A few weeks ago, I wrote in this column about the scale of unemployment and the ever-rising number of people claiming benefits. As a reminder, this number stands at 9 million.
I outlined that our ballooning welfare state has come to represent an incentive, rather than a safety net - where you get paid to do nothing - which causes massive harm to both the economy and individuals.
On Sunday, Welfare Secretary Pat MacFadden appeared on BBC One to discuss the solution to the unemployment crisis. He proposed a new £800 million youth guarantee scheme aimed at providing “intensive advice” to 900,000 people and offering work experience or training to 300,000 individuals. The plan also includes subsidised job offers for those who do not secure employment through training, depending on employers opting into the scheme. He emphasised that young people who do not actively engage with the programme without a valid reason will lose their benefits.

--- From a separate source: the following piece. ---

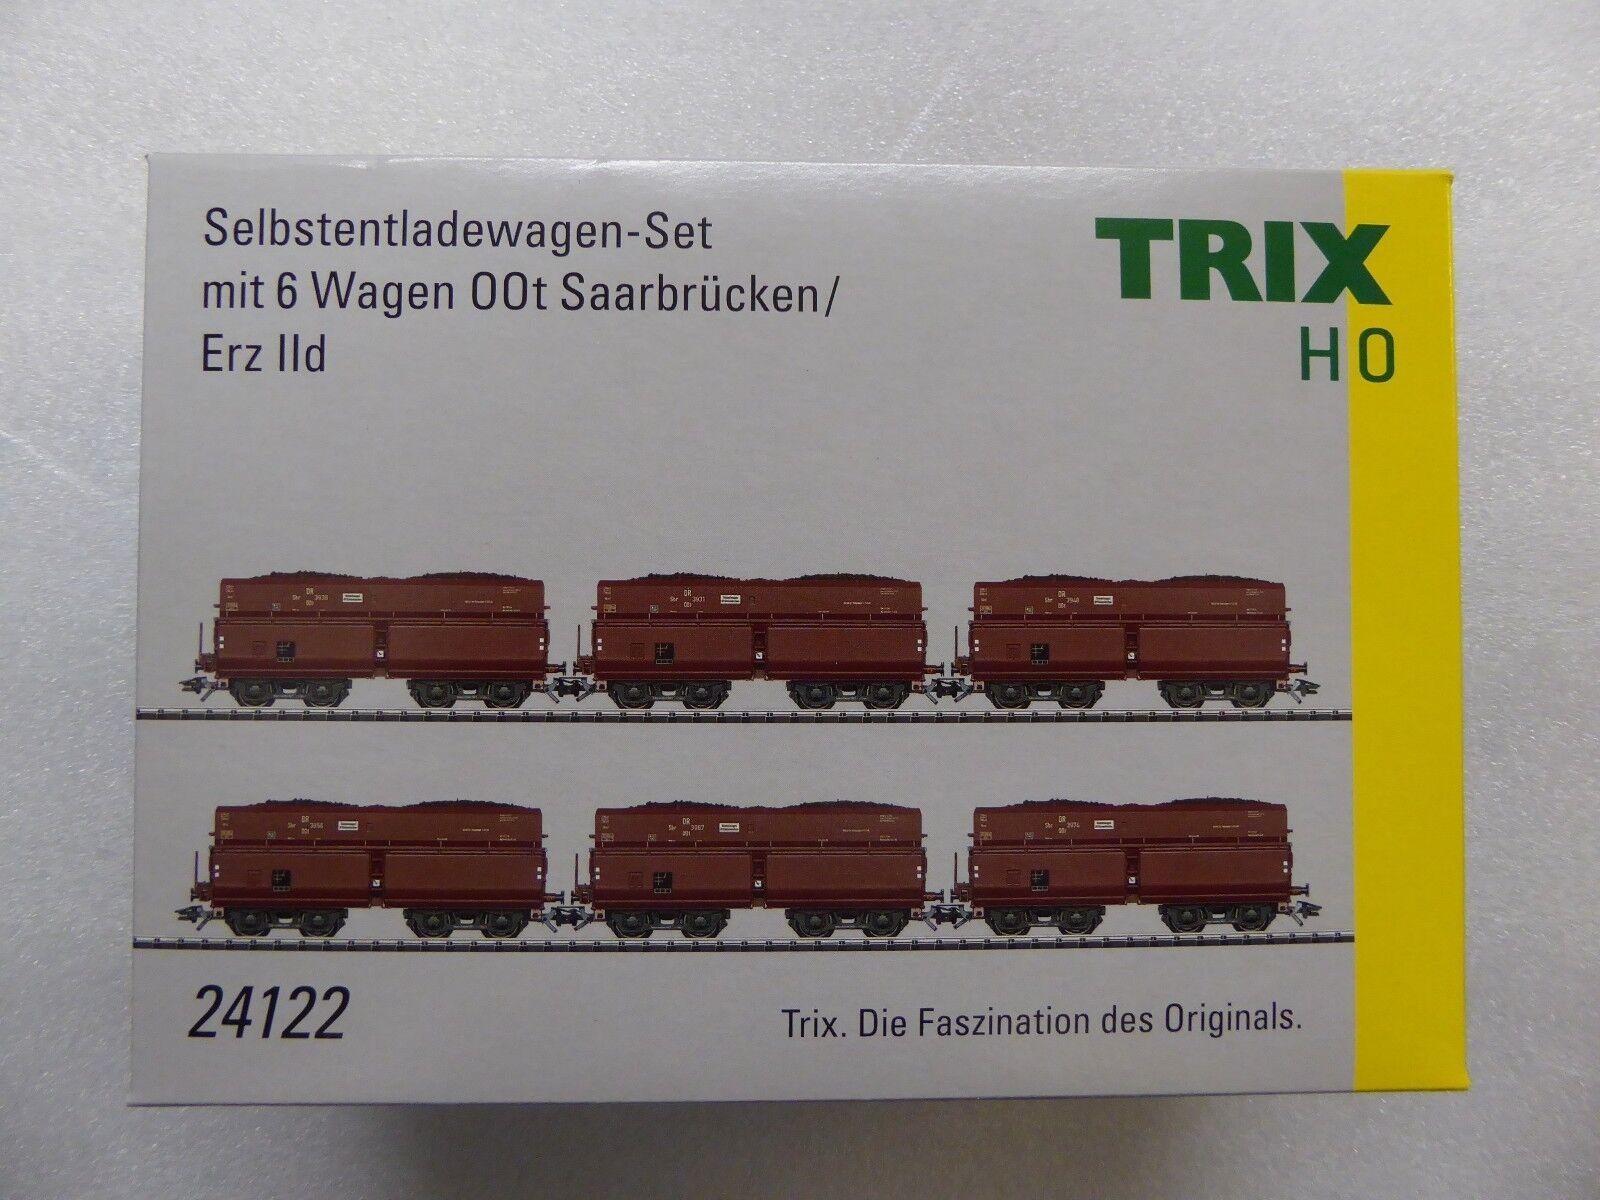 Trix 24122 stesso autorello sautoicoSet con 6 autori minerali IID h0 corrente continua DC Merce Nuova

While I agree with some aspects of this scheme, such as those individuals not seeking work should not receive benefits, other parts raise concerns. Firstly, “intensive advice” sounds both somewhat opaque and a rather weak way to secure jobs for millions of people. Secondly, when pressed on which companies had signed up, McFadden could not identify any.
Today, as I sit in Parliament writing this, the Employment Rights Bill is progressing through the House. Labour has listened to our advice and reversed its decision to implement day-one employment rights for businesses nationwide, but this is just one part of the 330-page, job-damaging legislation. It does not alter the fact that the Bill remains unfit for purpose, nor does it change the fact that it will grant unions the ‘Right to Roam’, ban banter in pubs, or end flexible working.
The simple fact is, businesses cannot afford to take on more workers. Since the Labour government raised National Insurance payments, businesses across the country have been struggling and shutting down. Businesses are being attacked left, right and centre, and those suffering are the youth who are unable to get jobs.
McFadden’s Sunday announcement resembled putting a sticking plaster on a war wound. The way to get people back into work is by creating an economy where businesses can afford to hire them. This means Labour must scrap employers’ national insurance hikes, stand up to its union paymasters, and remove every single job-destroying, anti-growth measure in the Employment Rights Bill now.